Ce qu’a imaginé Kafka, revu par Alejandro Jodorowsky, est le cœur du spectacle : ce singe prisonnier de sa cage va comprendre qu’il lui faut s’adapter au monde des hommes, non seulement imiter mais « devenir » humain.
Cette « loufoquerie » est bien plus profonde que l’on imagine, car elle interroge sur un sujet intemporel : peut-on vraiment endosser tout à fait une culture qui n’est pas la sienne ? A quoi est-il possible de renoncer et jusqu’à quel point faut-il le faire ? Et quel en est le coût, le prix à payer ?
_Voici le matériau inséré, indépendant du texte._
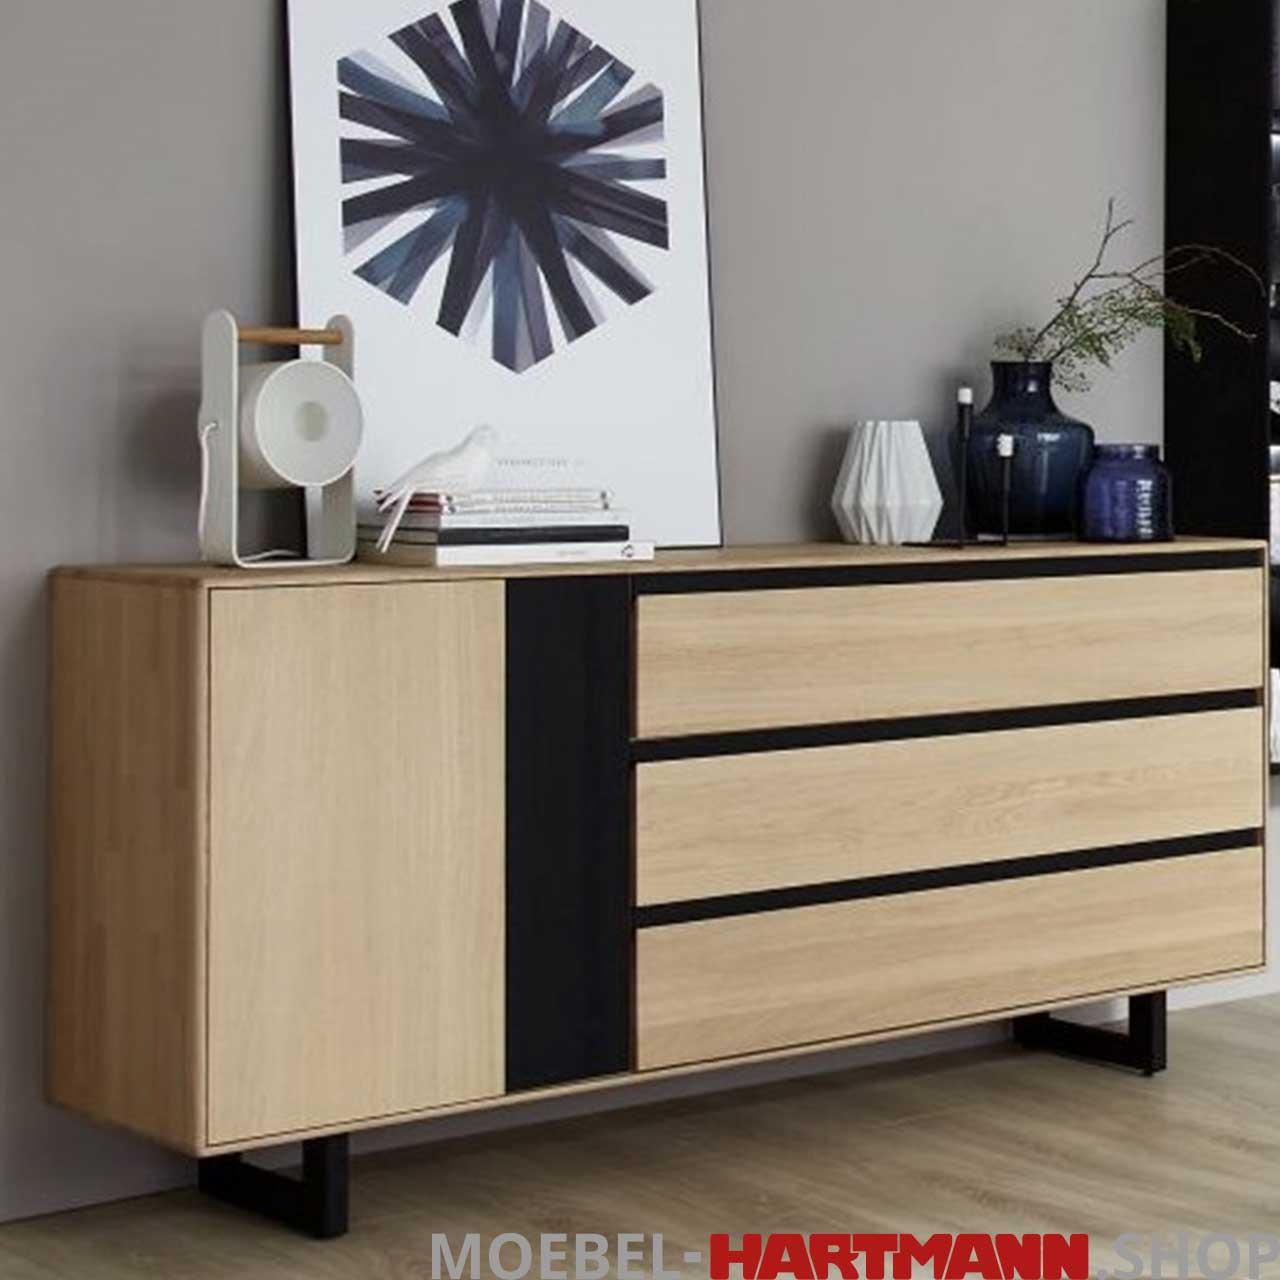 Hartmann Schöner Wohnen Kollektion Craft 9150 - Sideboard

Que l’on adhère ou non au parti pris de l’auteur, qu’on le juge crédible ou pas, ce monologue d’une heure résonne fortement et longtemps après l’avoir entendu.
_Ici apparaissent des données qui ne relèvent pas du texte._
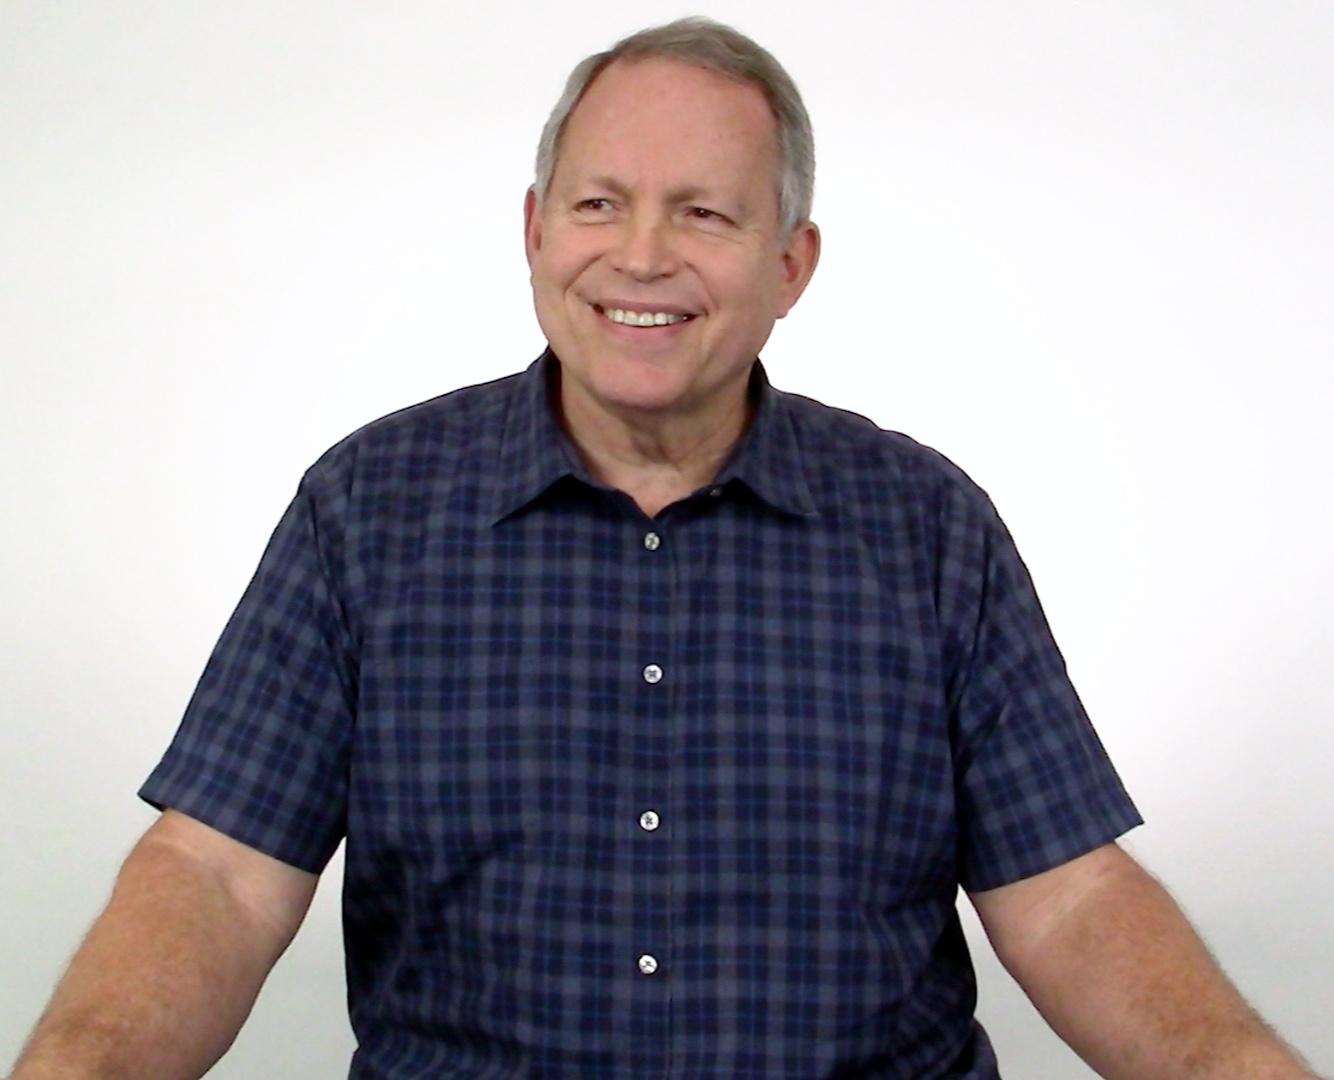 Portrait of Greg Baer

Cette pièce est également formidable en raison de la « transformation » de l’acteur et de sa mise en scène. Alors que le gorille est devenu homme, et le spectateur ne peut pas en douter une seconde tant le maquillage est réussi, avec finesse et ironie, mais un peu trop de crachats à mon goût, l’acteur, par ses gestes, sa démarche, nous campe des attitudes communes à tous, caractéristiques de notre humanité dont certaines, finalement, ne pourraient-elles pas être de vieux restes de nos origines simiesques ?...
(Florence, Paris)

Extraordinaire performance :
Avant tout, saluons l’extraordinaire performance du comédien Brontis Jodorowsky, il est tout simplement époustouflant.
En une heure, cette pièce nous donne une leçon de philosophie sur la nature animale de l’humain. À travers ce gorille qui a dû renoncer à sa condition simiesque pour « se fondre dans le paysage », sont abordés de multiples thèmes qui, au fur et à mesure, nous interrogent sur l’absurdité de la vie et nous remettent, ou pas, en question. Pour Bergson, le rire est le propre de l’homme, pour Kafka ne serait-ce pas l’amour ?
Chacun se fera son opinion, on peut ne pas être forcément d’accord avec certaines réflexions mais le mérite de ce spectacle est de ne pas laisser indifférent. Bref, un spectacle à conseiller.
(
Marianne, Paris)

En synthèse :

Un sujet qui pousse à réfléchir et une interprétation époustouflante.